- The problem: Copy exactly, beginning with the line holding "Set áo croptop" and ending with the final line of the data beneath this task; copy nothing else, and leave out every picture.

- Material provided:
☆ ☆ ☆ ☆ ☆
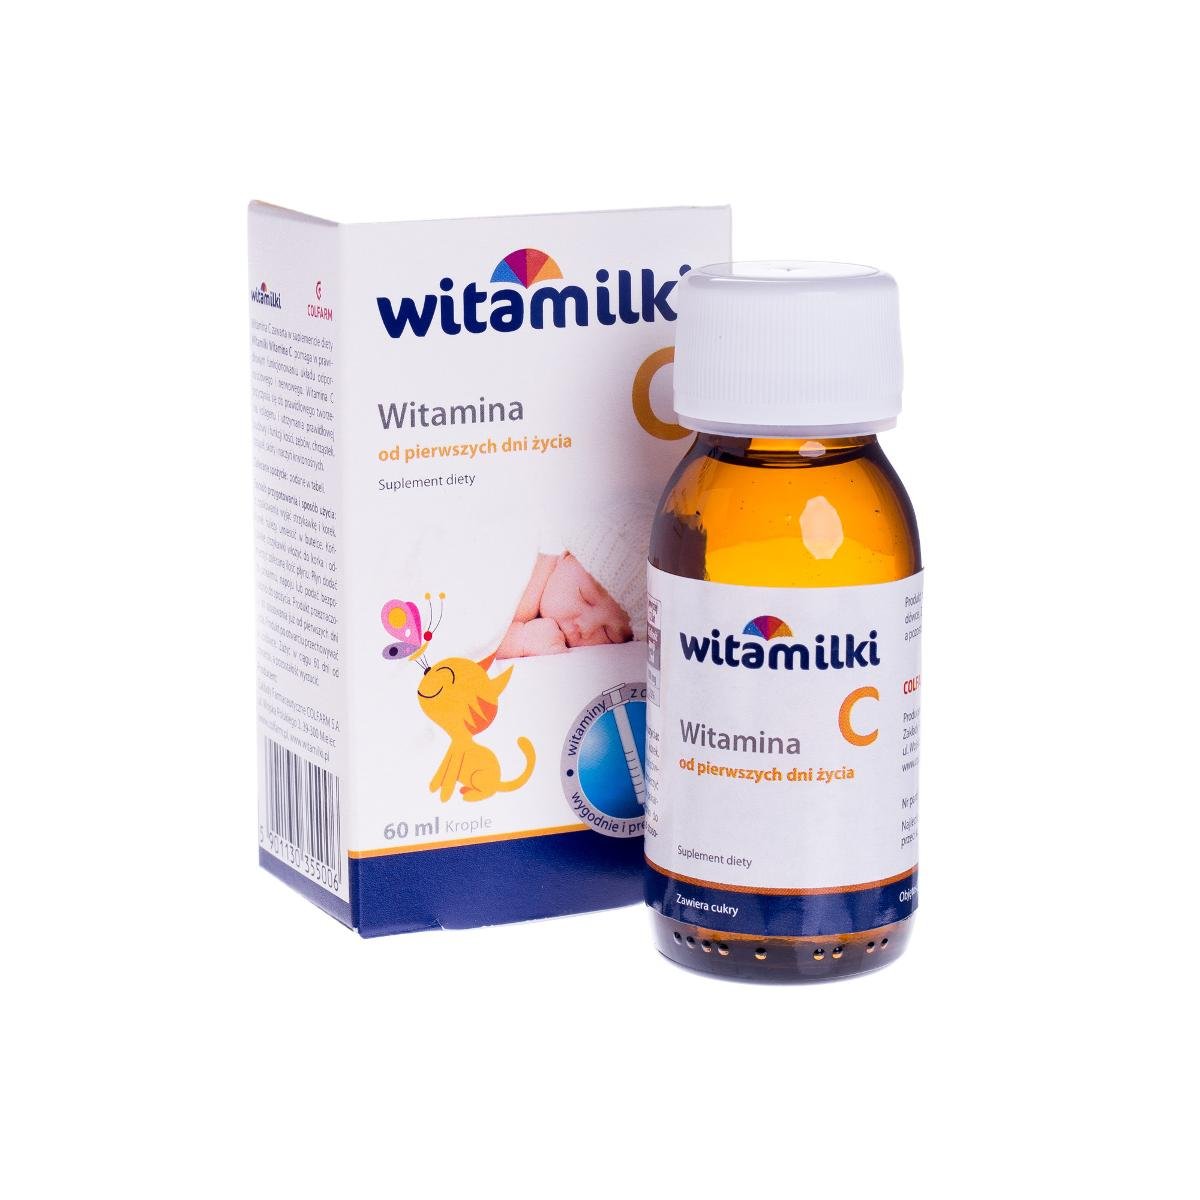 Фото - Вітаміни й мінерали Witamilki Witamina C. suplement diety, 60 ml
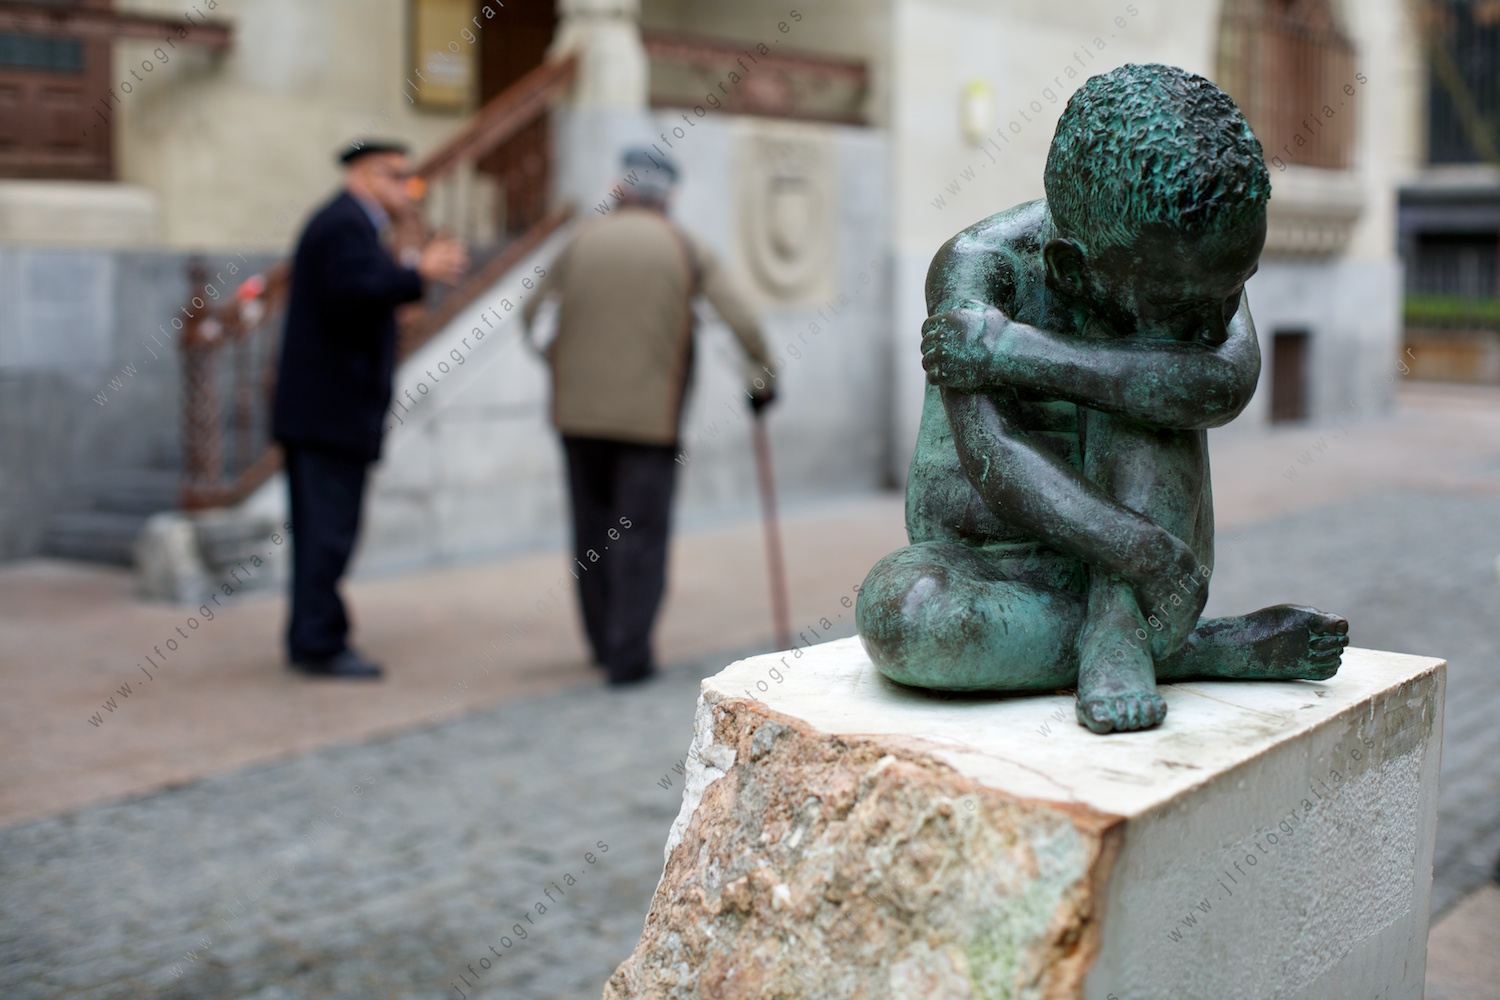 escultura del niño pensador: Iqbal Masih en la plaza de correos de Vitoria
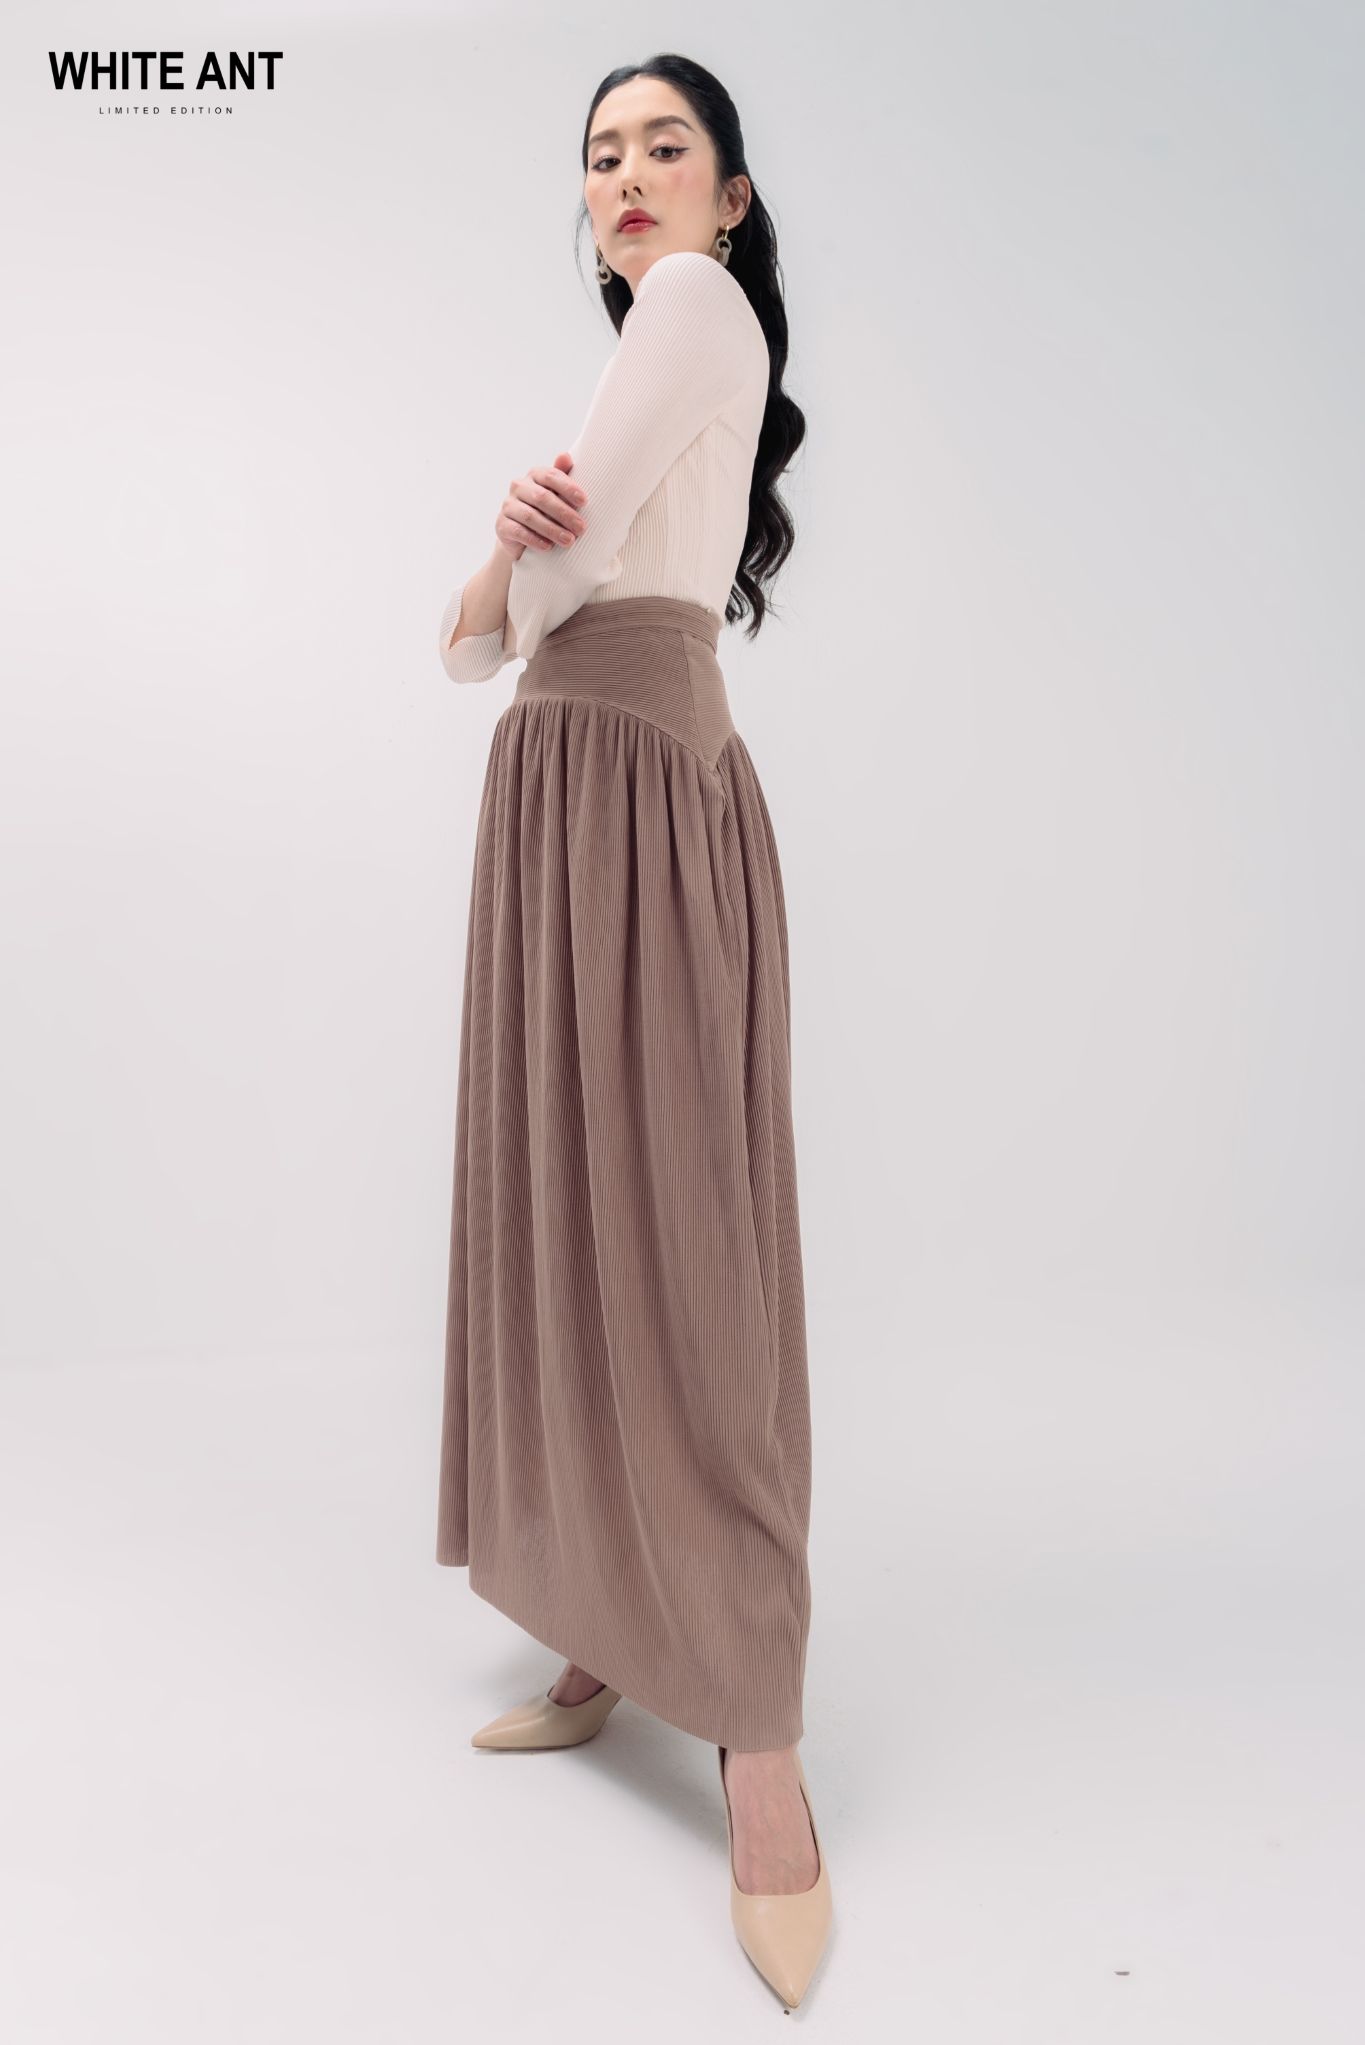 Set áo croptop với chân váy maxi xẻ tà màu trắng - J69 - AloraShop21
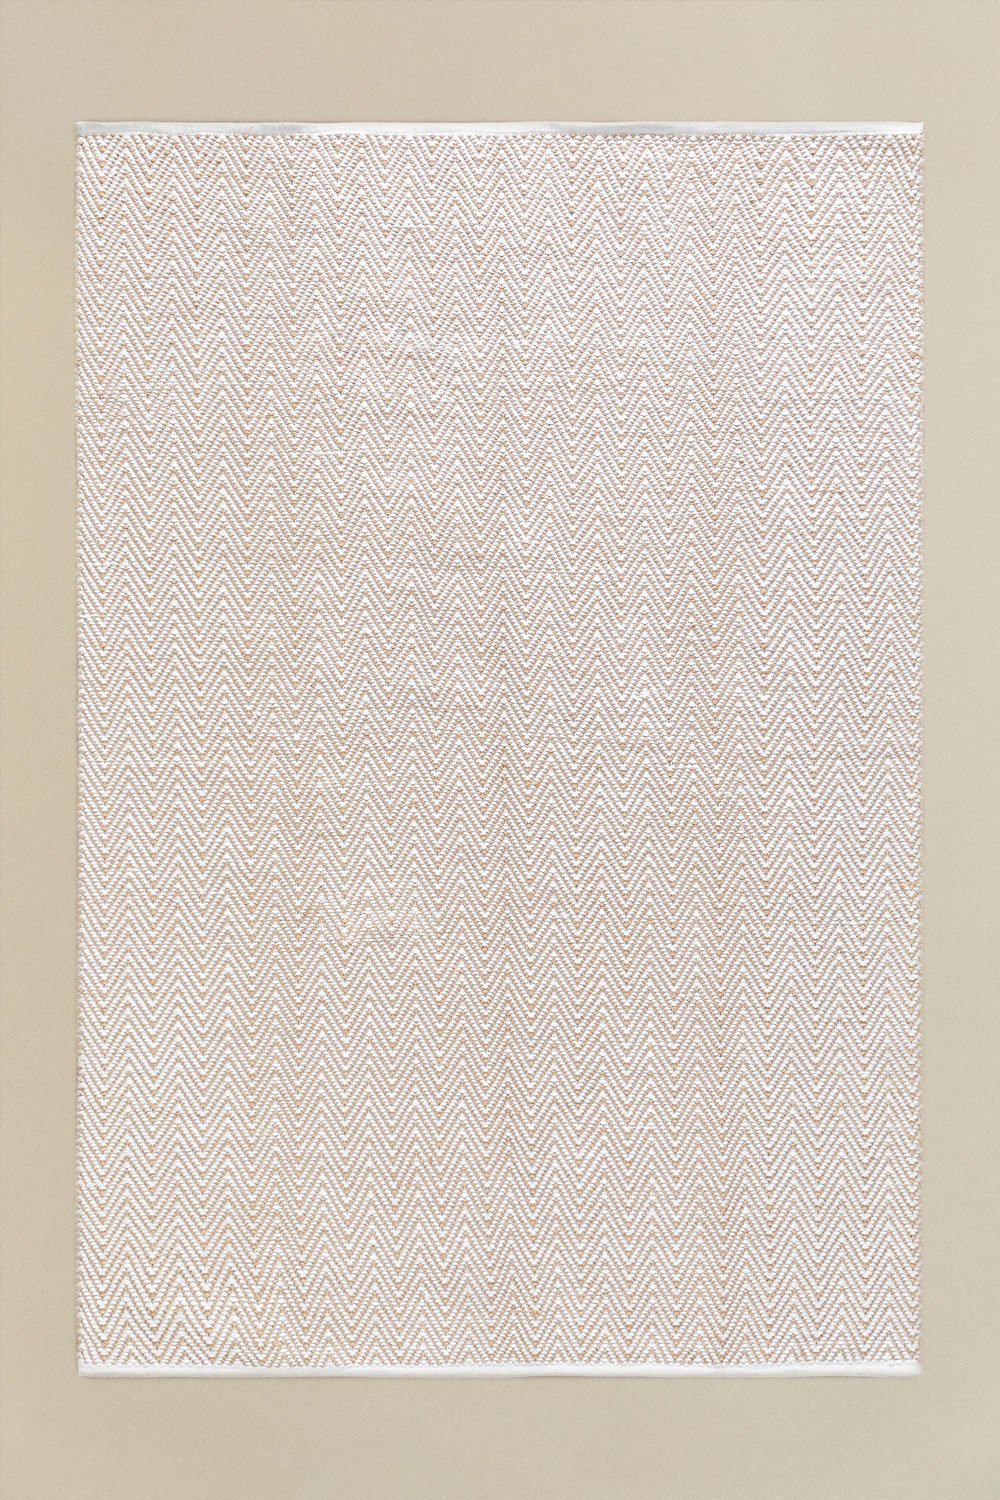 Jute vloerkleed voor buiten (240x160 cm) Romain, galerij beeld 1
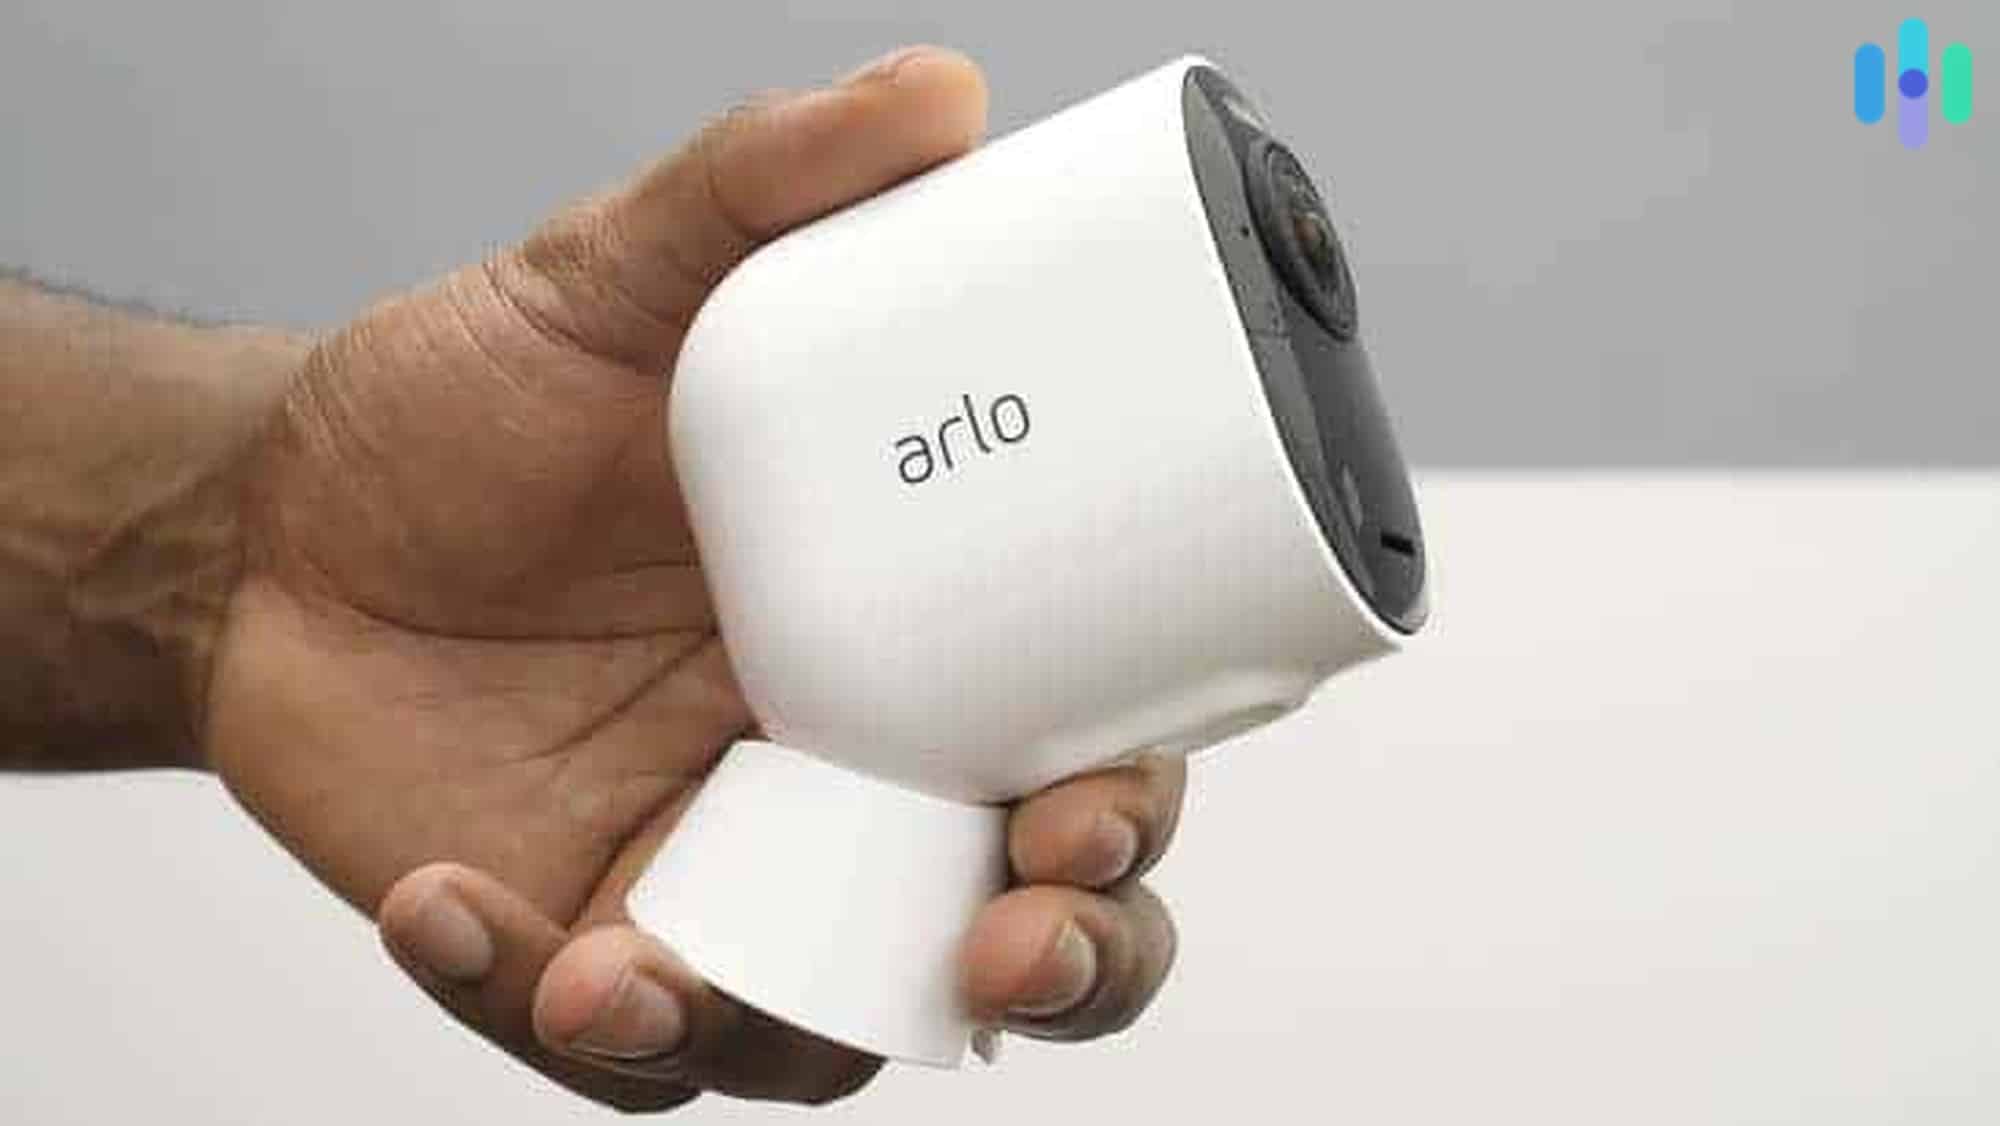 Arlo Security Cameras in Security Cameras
☆ ☆ ☆ ☆ ☆
- Reply to the exercise:
 Set áo croptop với chân váy maxi xẻ tà màu trắng - J69 - AloraShop21
 Jute vloerkleed voor buiten (240x160 cm) Romain, galerij beeld 1
 Arlo Security Cameras in Security Cameras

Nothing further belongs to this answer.